Posted on 2011-09-02
4
285 Views
Last Modified: 2012-05-12
I have a file attached it looks like this below. It may also contain points with 0.00 in addition to just whole numbers. I simply want to

1) keep only the rows 10 -19 (in other words ignore the header row and first 8 rows of data, keep the next 8 rows of data, and ignore any rows after that) In this case the first row of data to be kept would be 08/14/2011 11 8 14 2 14 3 0 0 0 0 1 0 14 0 0 3 0

2. keep only columns 1 (date stamp), 11 (corresponds to header S00000004), 12 (corresponds to header S000000034), 14 (corresponds to header S000000075), & 17 (corresponds to header S000000045).
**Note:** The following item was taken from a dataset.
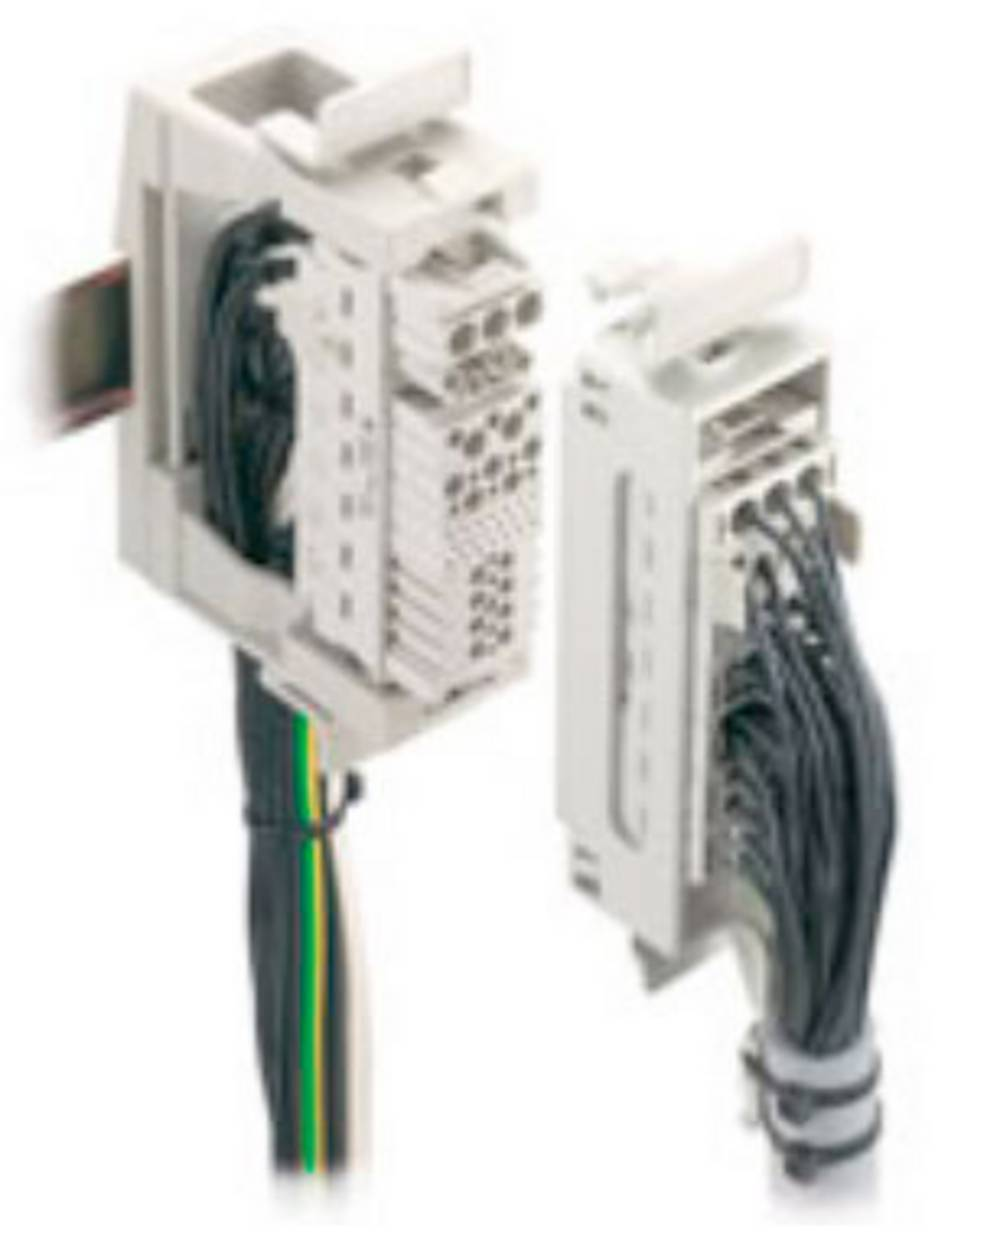 Industristikforbindelse Amphenol C146 Weidmüller HDC RAILMATE HB6 SET 1 stk

The new line ignoring all other rows would look like this

08/14/2011 0 1 0 14

3. Add a hardcoded stampe of 00:00:00 after the day and change the date format to hyphens instead of slashes. The new line would look like this

08-14-2011 00:00:00 0 1 0 14

4. output results to a separate file and perform that function on ALL files in a directory. Lets call the directory /path2/so2 and output a modified file for each input file. The output files would have the same name as the input files but just have a different path at /path1 instead of the input files

sampleinputfile

/path2/samplefile.txt

     JDAY  YR  MO DA1 HR1 DA2 HR2 S00000037 S00000021 S00000002 S00000004 S00000034 S00000035 S00000075 S00000038 S00000044 S00000045 S00000046
08/13/2011 11 8 13 2 13 3 0 0 0 0 2 0 21 0 0 0 0
08/13/2011 11 8 13 5 13 6 0 0 0 0 6 0 0 0 0 0 0
08/13/2011 11 8 13 8 13 9 0 0 0 0 1 0 0 0 0 0 0
08/13/2011 11 8 13 11 13 12 0 0 0 0 49 0 0 0 0 0 0
08/13/2011 11 8 13 14 13 15 0 0 0 0 15 0 0 0 0 1 0
08/13/2011 11 8 13 17 13 18 0 0 0 0 11 0 0 0 0 6 0
08/13/2011 11 8 13 20 13 21 0 0 0 0 56 0 0 0 0 1 0
08/13/2011 11 8 13 23 14 0 0 0 0 0 13 0 0 0 0 9 0
08/14/2011 11 8 14 2 14 3 0 0 0 0 1 0 14 0 0 3 0
08/14/2011 11 8 14 5 14 6 0 0 0 0 10 0 14 0 0 16 0
08/14/2011 11 8 14 8 14 9 0 0 0 0 8 0 1 0 0 7 0
08/14/2011 11 8 14 11 14 12 0 0 0 0 2 0 0 0 0 0 0
08/14/2011 11 8 14 14 14 15 0 0 0 0 7 0 0 0 0 0 0
08/14/2011 11 8 14 17 14 18 0 0 0 0 30 0 0 0 0 0 0
08/14/2011 11 8 14 20 14 21 0 0 0 0 10 0 0 0 0 1 0
08/14/2011 11 8 14 23 15 0 0 0 0 0 6 0 0 0 0 23 0
08/15/2011 11 8 15 2 15 3 0 0 0 0 5 0 0 0 0 3 0
08/15/2011 11 8 15 5 15 6 0 0 0 0 13 0 0 0 0 1 0
08/15/2011 11 8 15 8 15 9 0 0 0 0 1 0 0 0 0 0 0
08/15/2011 11 8 15 10 15 11 0 0 0 0 23 0 0 0 0 0 0

outputfile should look like this

/path1/samplefile.txt

08-14-2011 00:00:00 0 1 0 14
08-14-2011 00:00:00 0 10 0 7
08-14-2011 00:00:00 0 8 0 3
08-14-2011 00:00:00 0 2 0 3
08-14-2011 00:00:00 0 7 0 3
08-14-2011 00:00:00 0 30 0 3
08-14-2011 00:00:00 0 10 0 1
08-14-2011 00:00:00 0 6 0 23
samplefile.txt
0
Comment
Question by:libertyforall2
  • 2
  • 2
4 Comments
 
LVL 26

Expert Comment

by:wilcoxon
ID: 36476331
This should do what you want.  Let me know if there are any issues...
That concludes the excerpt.